9 thoughts on “Orthodox Readings of Augustine

  1. With Prof Louth as leading speaker, this conference has little hope of shedding any light on the subject. Prof Louth is far too willing, without any cause other than his own opinion, to reinterpret the Fathers of the Church in light of modern “wisdom” especially that of materialistic science. He is an academic to his toes and suffers from all of the ills to which academics are prone when they talk theology–mind not heart, words not spirit. He seeks agreement more than he does truth.

  2. Michael,

    What do you think of the other participants? It’s a shame, but my first thought about the group (excluding David Hart whom I am familiar with) was “I wonder how many ecumenists – in the negative sense of the term – are there?”

  3. Christopher, I don’t know any of the others, but its a fair bet that since Prof Louth is the keynote speaker the general tenor of the conference will not be to stress genuine tradition. We have a gentleman in our parish who knows at least as much about the subject as any of the attendees, unfortunately, he is quite infirm. He is a renown scholar and translator of Orthodox texts. He gave a lecture several years ago to the parish called “Redeeming the Time” in which he made it quite clear that whatever St. Augustine’s personal spiritual credentials might be, his theological legacy was dark and wholly un-Orthodox. Personally, I have always felt Augustine never quite got free of his Manicheanism and was greatly responsible for the dualistic tendency we still see to this day in western Christian thought and practice. He had no one to pull him into a truly Orthodox approach and essentially wrote outside the Tradition.

    When the Scholastics forged a theological synthesis with Augustine and Aristotle, it got worse.

  4. Michael,

    Have you ever read Professor Farrell’s intro to his translation of St. Photios the Great’s “Mystagogy of the Holy Spirit”? It is devastating. If Blessed (or Saint) Augustine did not have a neoplatonic vision of the Trinity then pigs fly…

  5. Christopher, I have not read it, but I have the book on my book shelf and it just got bumped to #1. Of course many people will ask, “Why does it matter?” It matters because what we belive about God reflects what we believe about ourselves and visa versa. What we believe about ourselves has a direct impact on how we act toward others and how we form culture and public policy.
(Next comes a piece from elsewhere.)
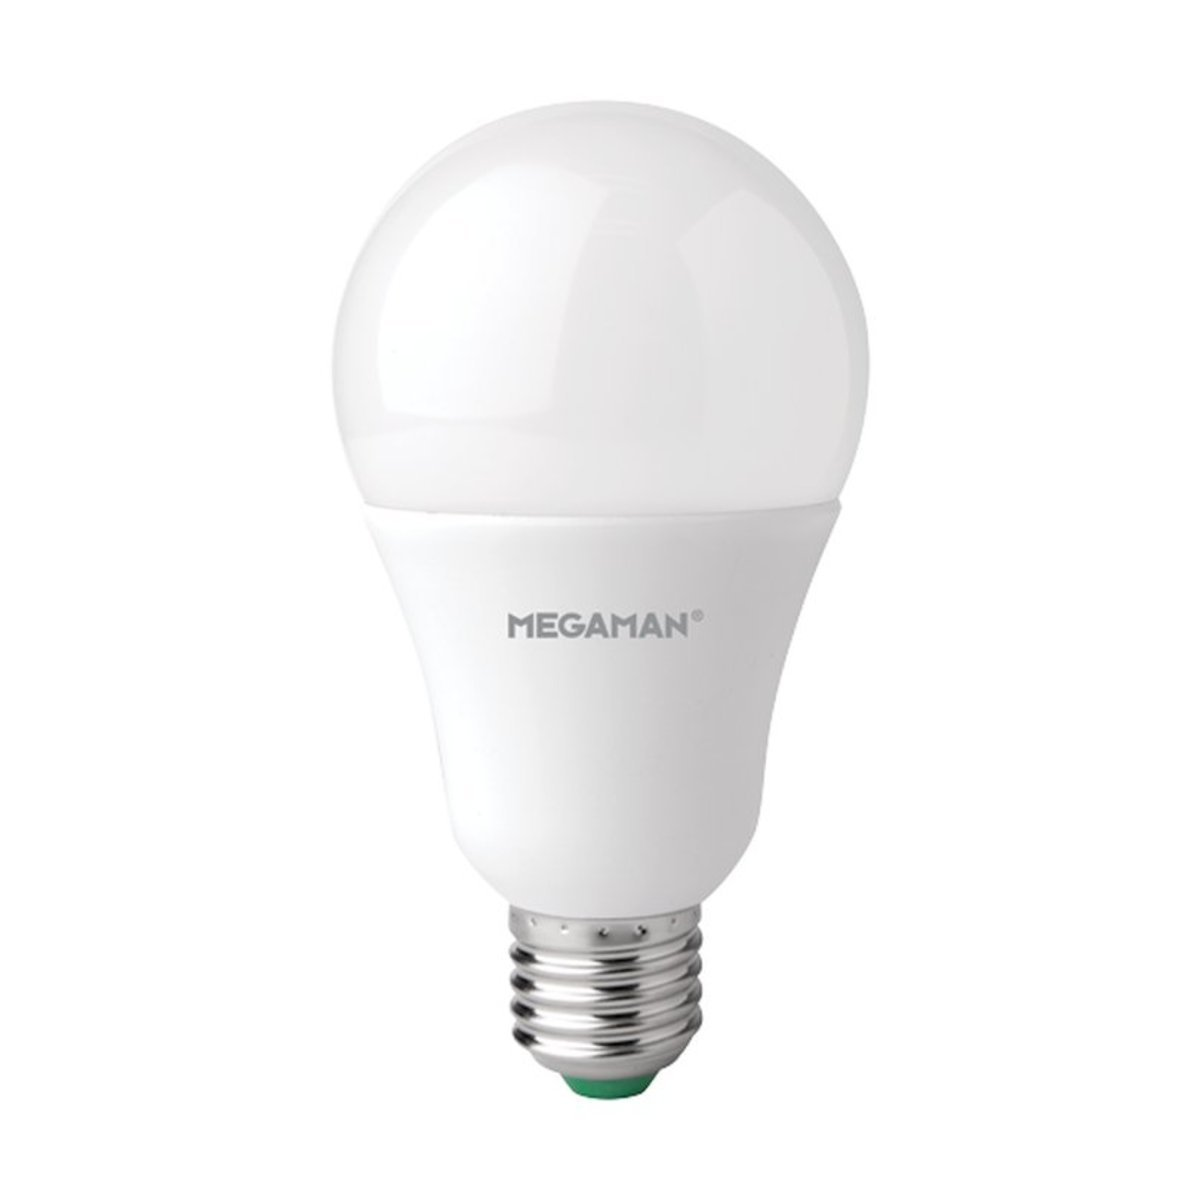 曼佳美 LED 14W E27 6500K 球型 燈膽 冷日光

    So Dean, you own it to yourself at least to come up with a coherent response to my question: Who is man? If you don’t have an ontology and anthropology that is in accord with the teachings of the Church, you are doing yourself a great disservice.

  6. Christopher, you are correct. Mr. Farrell makes quite clear the neoplatonism of Augustine and the links between Augustine and Origin. Acutally, it makes my case to Jim that the 5th council delcared heretical the very types of ideas that the west beginning with Augustine and continuing throught the Scholastics thought were so great. In essence, the west ignored the work of the Eastern Fathers and just blythely went off and did their own thing to the detriment of Christianity.

  7. Note 6. I am not sure if the Western Church ignored the Eastern Fathers, or if they just didn’t know much about them. (I am more sympathetic to Augustine than some of his Eastern critics, BTW. I rank his “Confessions” as one of the best books I have ever read.) One of my history professors once said that Augustine was scheduled to attend the Council of Ephesus but unfortunately died a few months before it was held. Imagine how different history might have been had he attended.

  8. If Augustine had had the opportunity to be brought more fully into the Tradition of the Church, many things might have been different. He did not have anyone to really check him. A lesson to us all.

  9. My real point was not about Augustine however, but about Prof. Louth. I wish his work would be critiqued by someone who has the standing to do so. As it is now, it seems he gets carte blanche simply because of his association with Bp Kallistos.